Aunt Syl, mother’s sister, played the piano by ear. Given what I know of Sylvia’s standing in the family, or what I know of her perception of her standing in the family, my guess is that there was only enough money for one daughter to receive piano lessons. Ruth, being the oldest, took the lessons. Sylvia had access to the piano, probably listened to Ruth practice and, in her can-do way, taught herself to play.
My early memory is begging her to play Stormy Weather. “Don’t know why, there’s no sun up in the sky, stormy weather. Since my man and I ain’t together, it just keeps raining all the time.” I was not more than 5-6 years old. Aunt Syl was already a nurse and living in New Jersey and married to a man named Abe Rosen. She left for nursing school Rosh Hashana 1929, six months after I was born, so I only got to hear her play when she came to Richmond for visits.
I can still picture scenes in Grandma and Grandpa Radman’s big house on Clay Street (near the corner of 11th Street, demolished at least 20 years ago for a new highway-connecting road). I’d sit on the bench next to her, while she played popular songs, and sing with her. There came a day when she got stormy about playing Stormy Weather, and told me she didn’t like the song and wasn’t going to play it any more.
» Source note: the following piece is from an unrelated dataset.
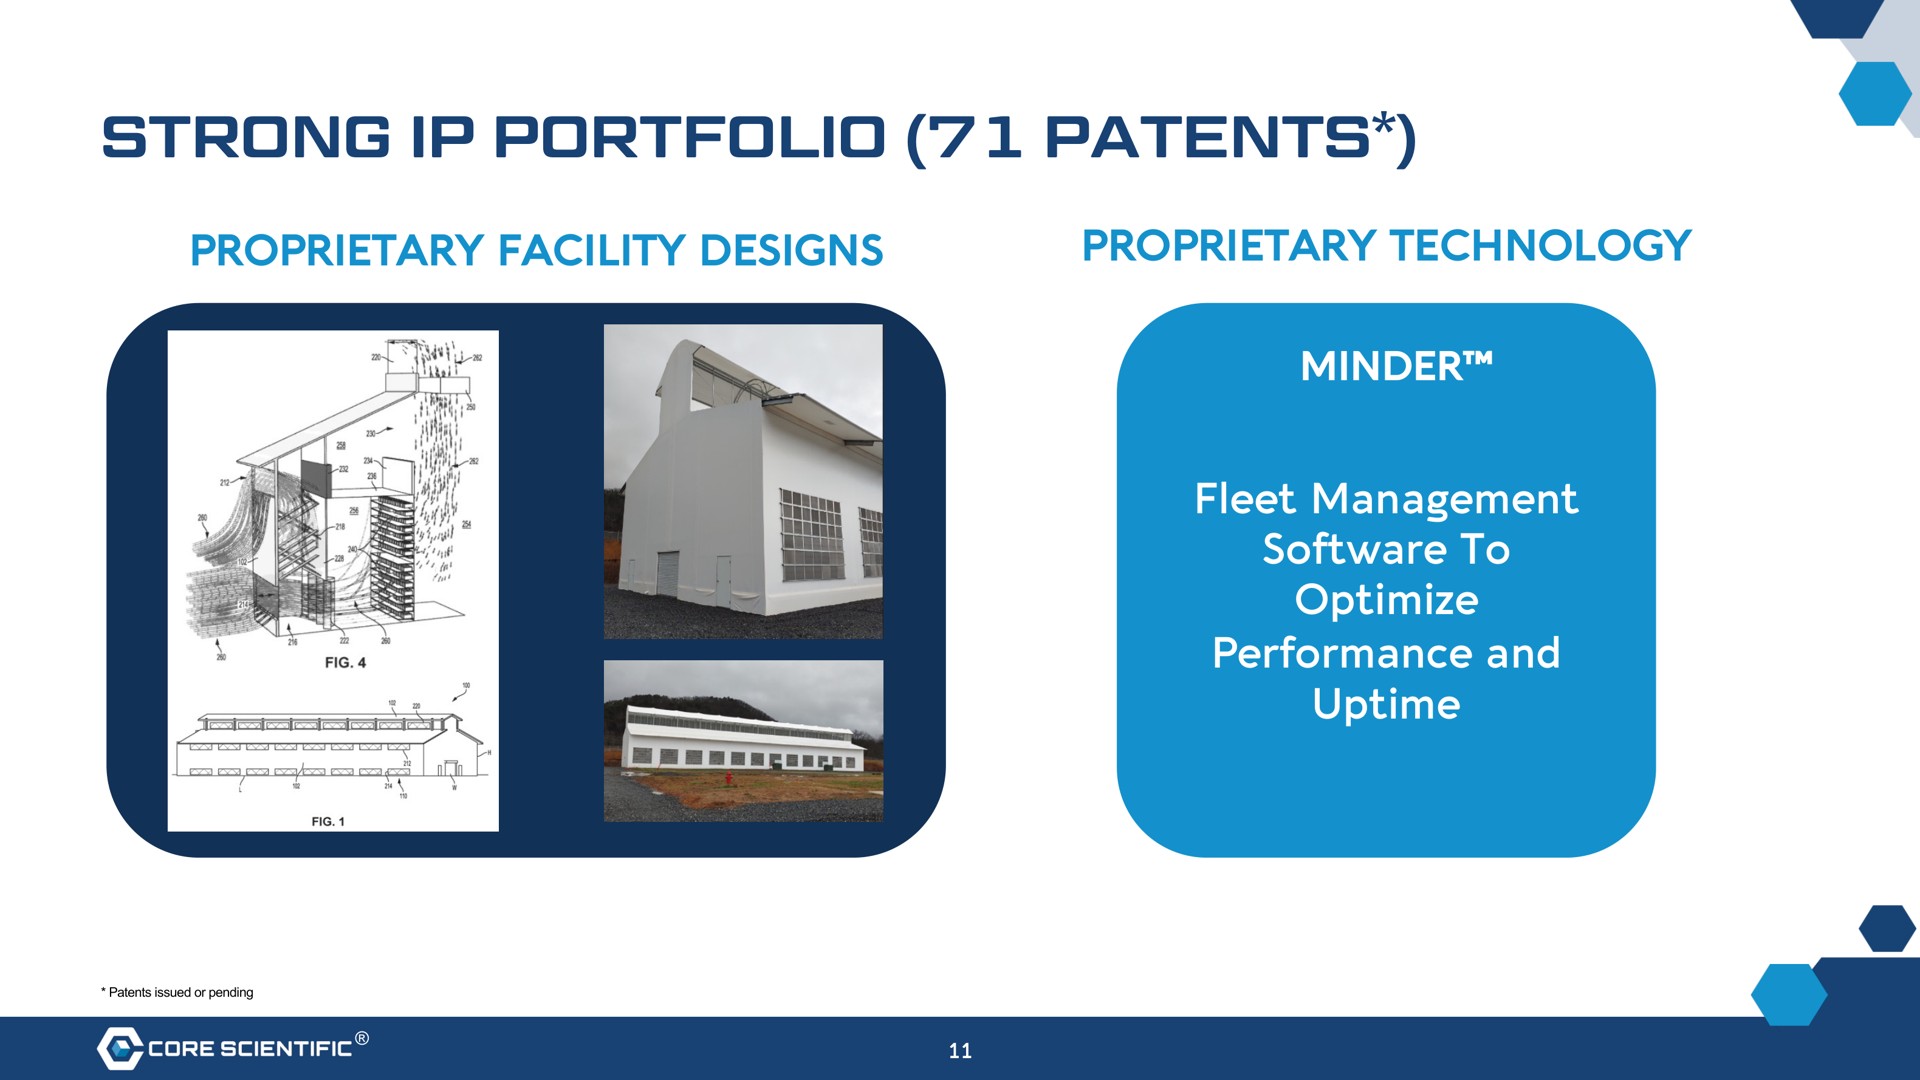 strong portfolio patents | Core Scientific
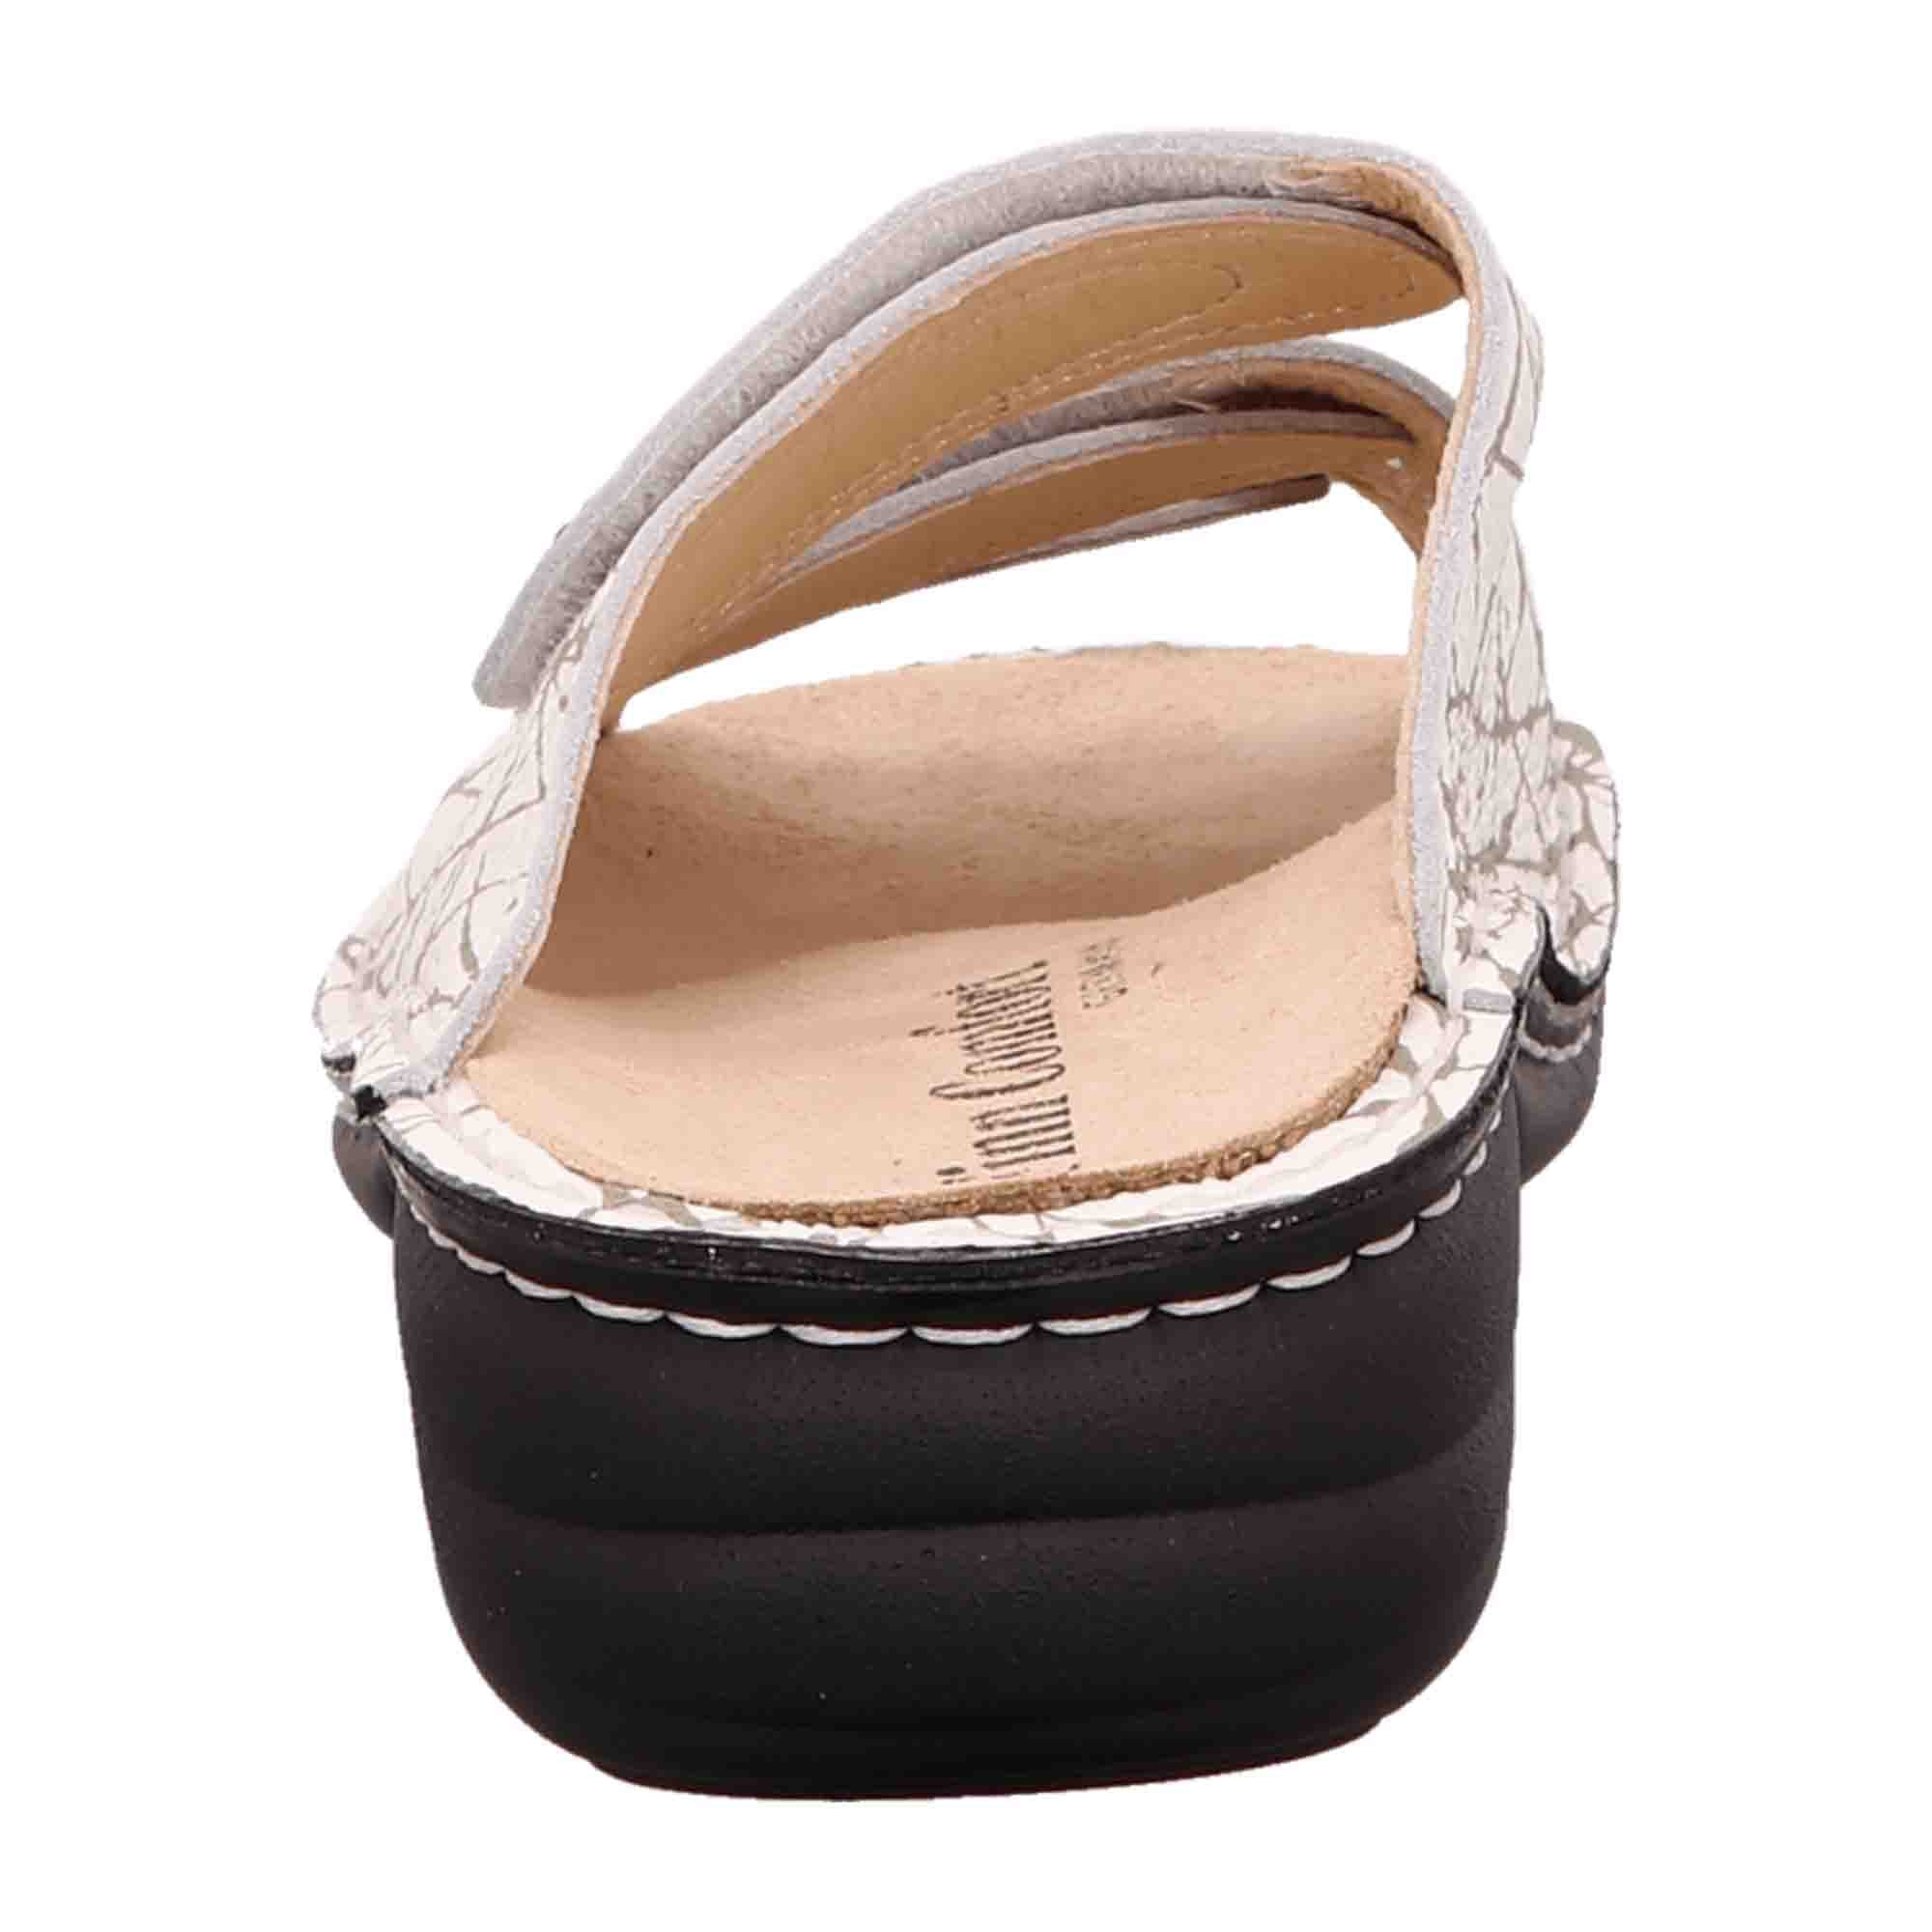 Finn Comfort Hellas Nature White Leather Slide Sandals for Women - Stylish & Comfortable Summer Footwear

I think she and Abe Rosen got married in that house. (Right now I don’t know the year.) Ruth and Leonard had had a huge wedding in the Richmond Hotel. Aunt Syl and Abe got divorced after five years. Things probably weren’t too good for a year or two before the divorce. Maybe that’s when she stopped playing Stormy Weather for me.
What made me think of this: instead of going to shul tonight, I’m in my office preparing to read the parsha, but doing a double crostic before I settle down. The first clue was “A 1933 song by Harold Arlen & Ted Koehler (2 wds.)” The answer was Stormy Weather.